Nelly Bassily | January 27, 2014
Aid agencies are warning of a looming food crisis in the Central African Republic, or CAR, if farmers do not receive more seeds and tools.
A violent coup by Seleka rebels overthrew the government in March, 2013. Since then, rebels have burned small-scale farmers’ crops to the ground and stolen their tools and livestock. This has had a serious impact on food security in the country.
Dominique Burgeon is the Emergencies Director of the UN’s Food and Agriculture Organization. He says, “A high proportion of farmers were unable to sow their fields for the last season or sowed only a reduced area, so this year, food stocks will run out low sooner [than usual].”
CAR has a Christian majority and a minority Muslim population. Violence between the mainly Muslim rebels and Christian anti-balaka groups killed 1,000 people in December.
Aid groups say considerable amounts of food aid are urgently needed to avert a crisis and restart agricultural production. Amidst the violence, Catherine Samba-Panza, the Christian former mayor of the capital city, Bangui, was elected the country’s interim President. She is the first woman President of the CAR.

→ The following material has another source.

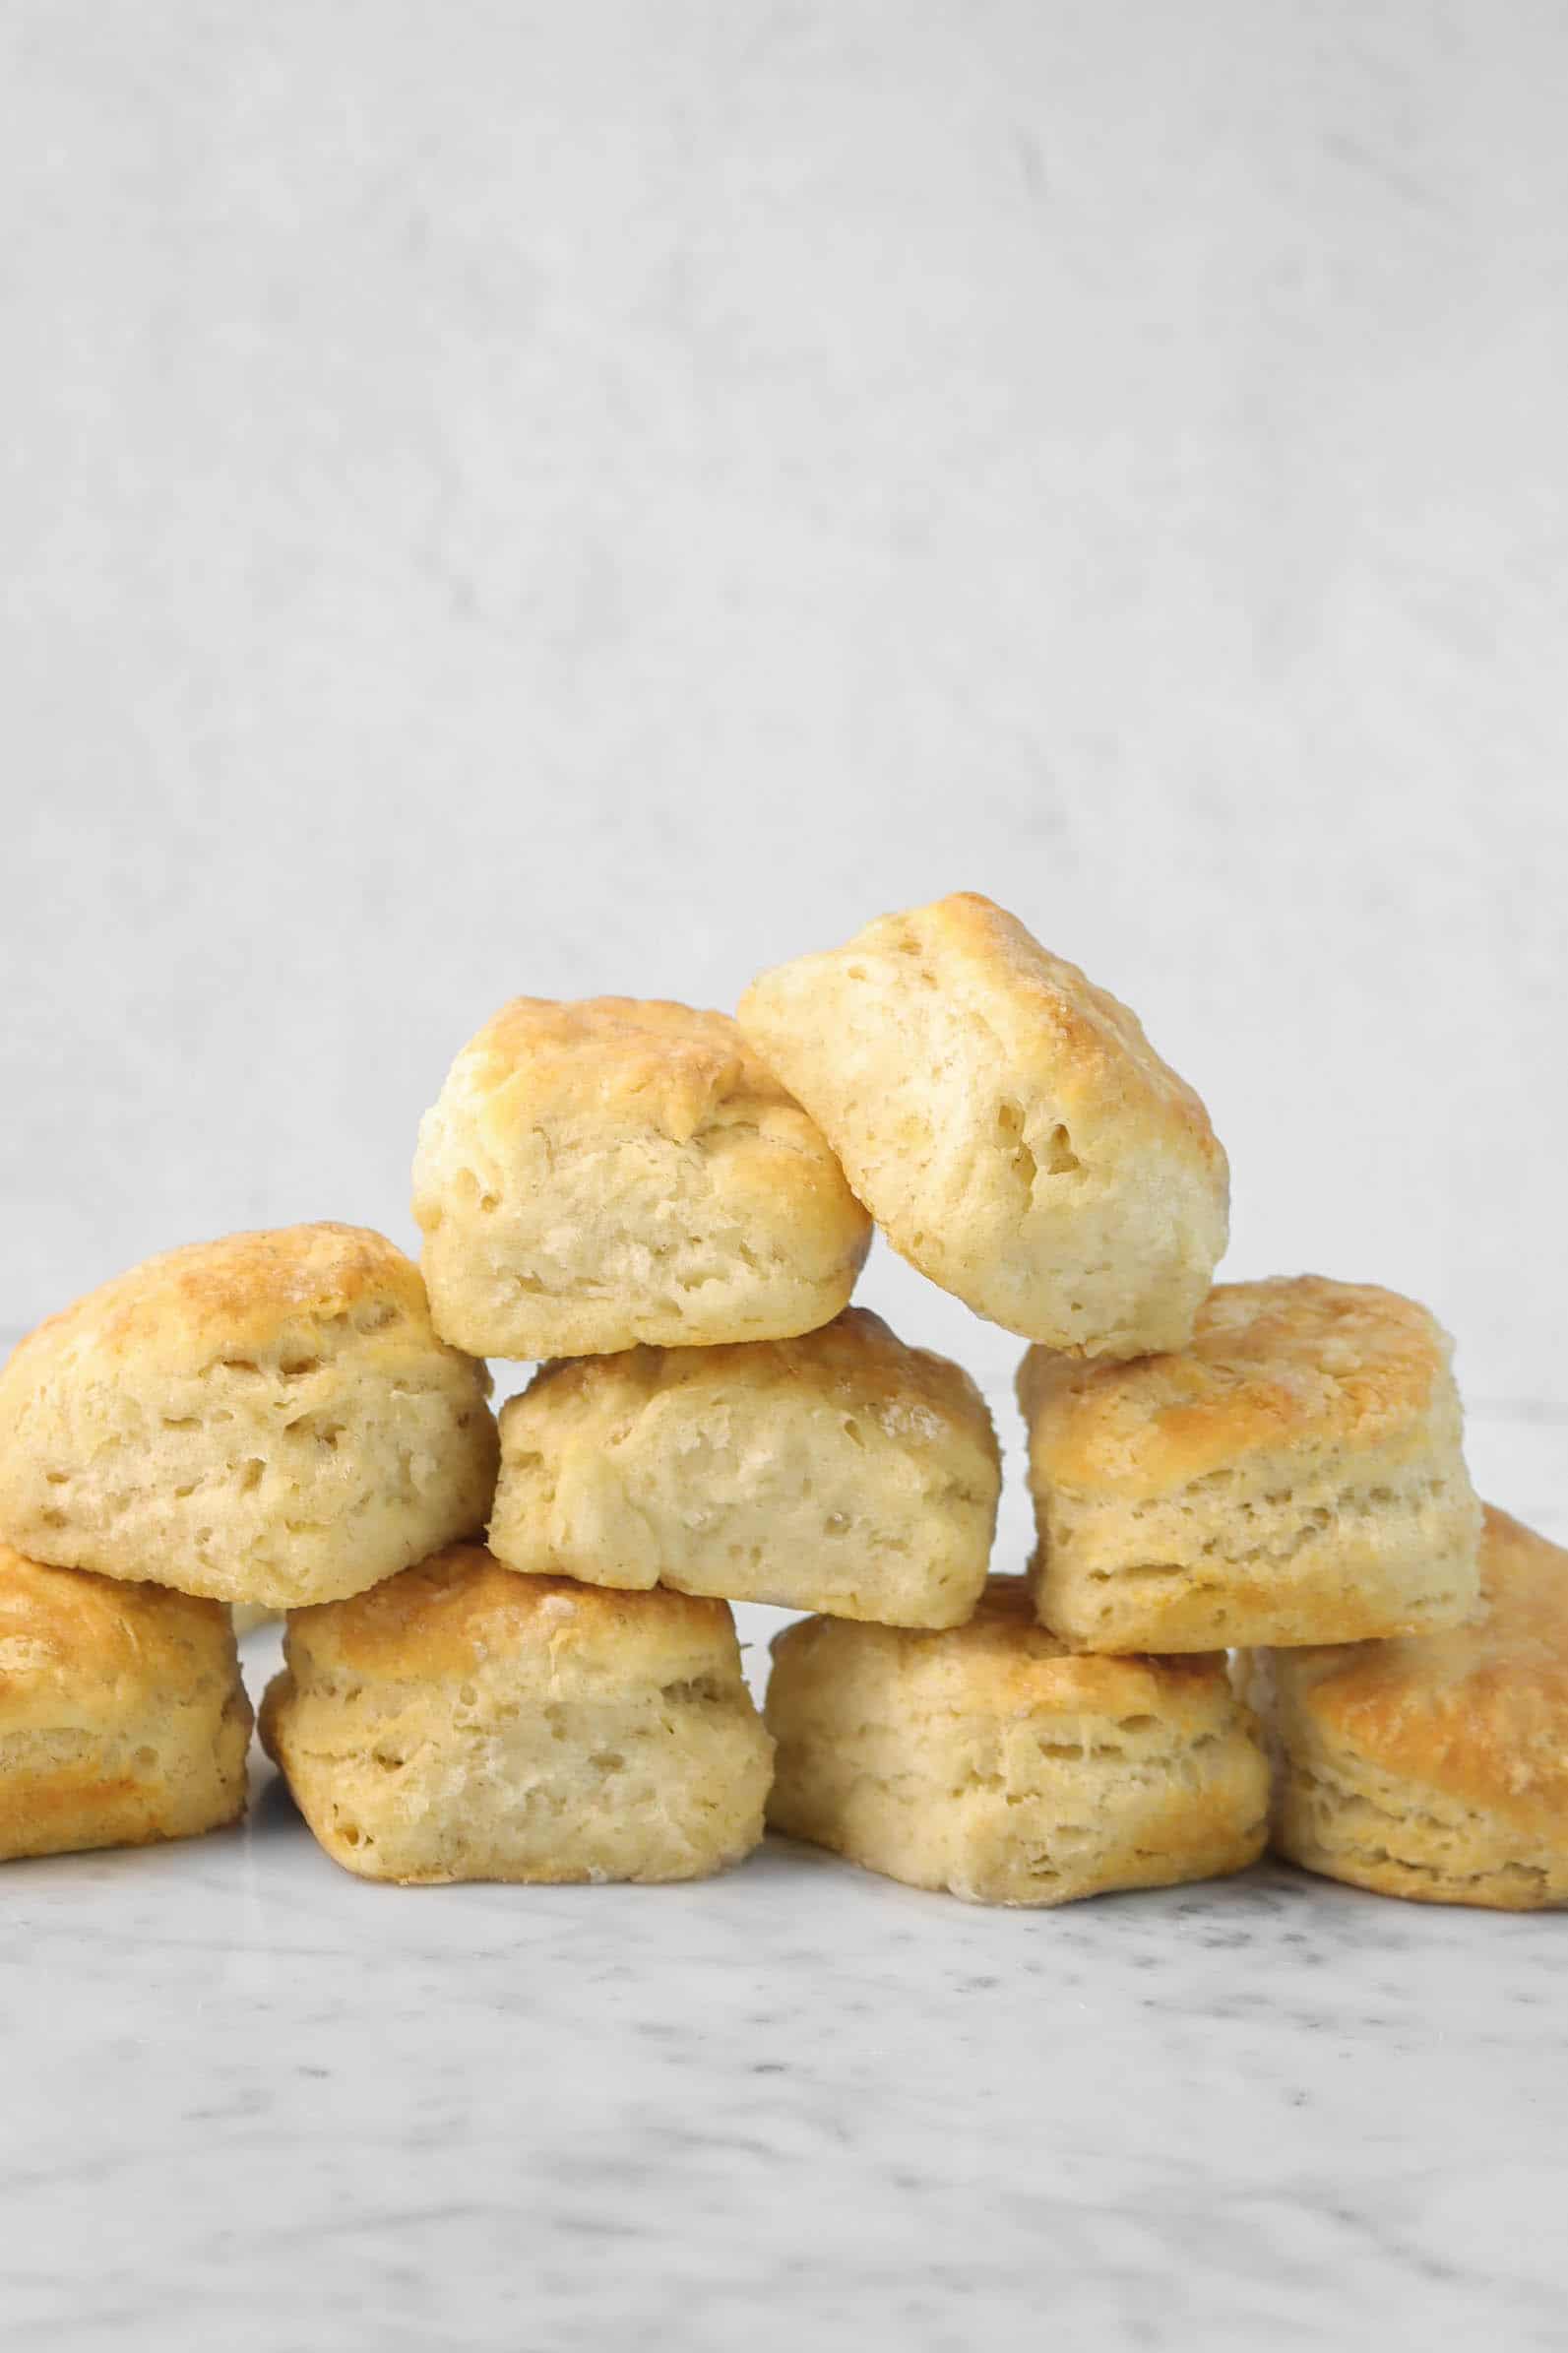 sourdough biscuits stacked on top of each other

Ms. Samba-Panza, 59, is seen as politically neutral. She replaces Michael Djotodia, the country’s first Muslim president, who resigned on January 10 following pressure from regional leaders and the country’s former colonial ruler, France.
Mr. Burgeon says: “We estimate that currently 1.2 million people in the country are food insecure and 40 percent of those are severely food insecure. Normally in this country the hunger gap starts in July, but this year we expect it to start in February.”
In Ms. Samba-Panza’s victory speech, she urged the warring factions to end the bloodshed. She said: “I call on my children, especially the anti-balaka, to put down their arms and stop all the fighting. The same goes for the [Muslim groups] − they should not have fear. I don’t want to hear any more talk of murders and killings.”
In November of last year, aid agencies and the UN warned that the fighting risked spiralling into genocide. Four thousand African Union peacekeeping troops and 1,600 French troops are currently in the country to help end the violence.
The UN’s Office for the Coordination of Humanitarian Affairs, or OCHA, estimates there are almost 900,000 displaced people in the country, including half a million in Bangui alone. OCHA is urging people to return home and start farming.
The disruption and displacement of farmers, along with the destruction and pillaging of farms, has caused widespread food insecurity. A rapid assessment carried out by aid agencies reports: “… 78 per cent of respondents state that farmers will be cultivating in upcoming weeks … according to direct observation, even displaced farmers will have easier access to land and more time to open fields than last year.”
The statement continues, “Provision of agricultural inputs and support, such as seeds, is crucial to restore their productive capacities.”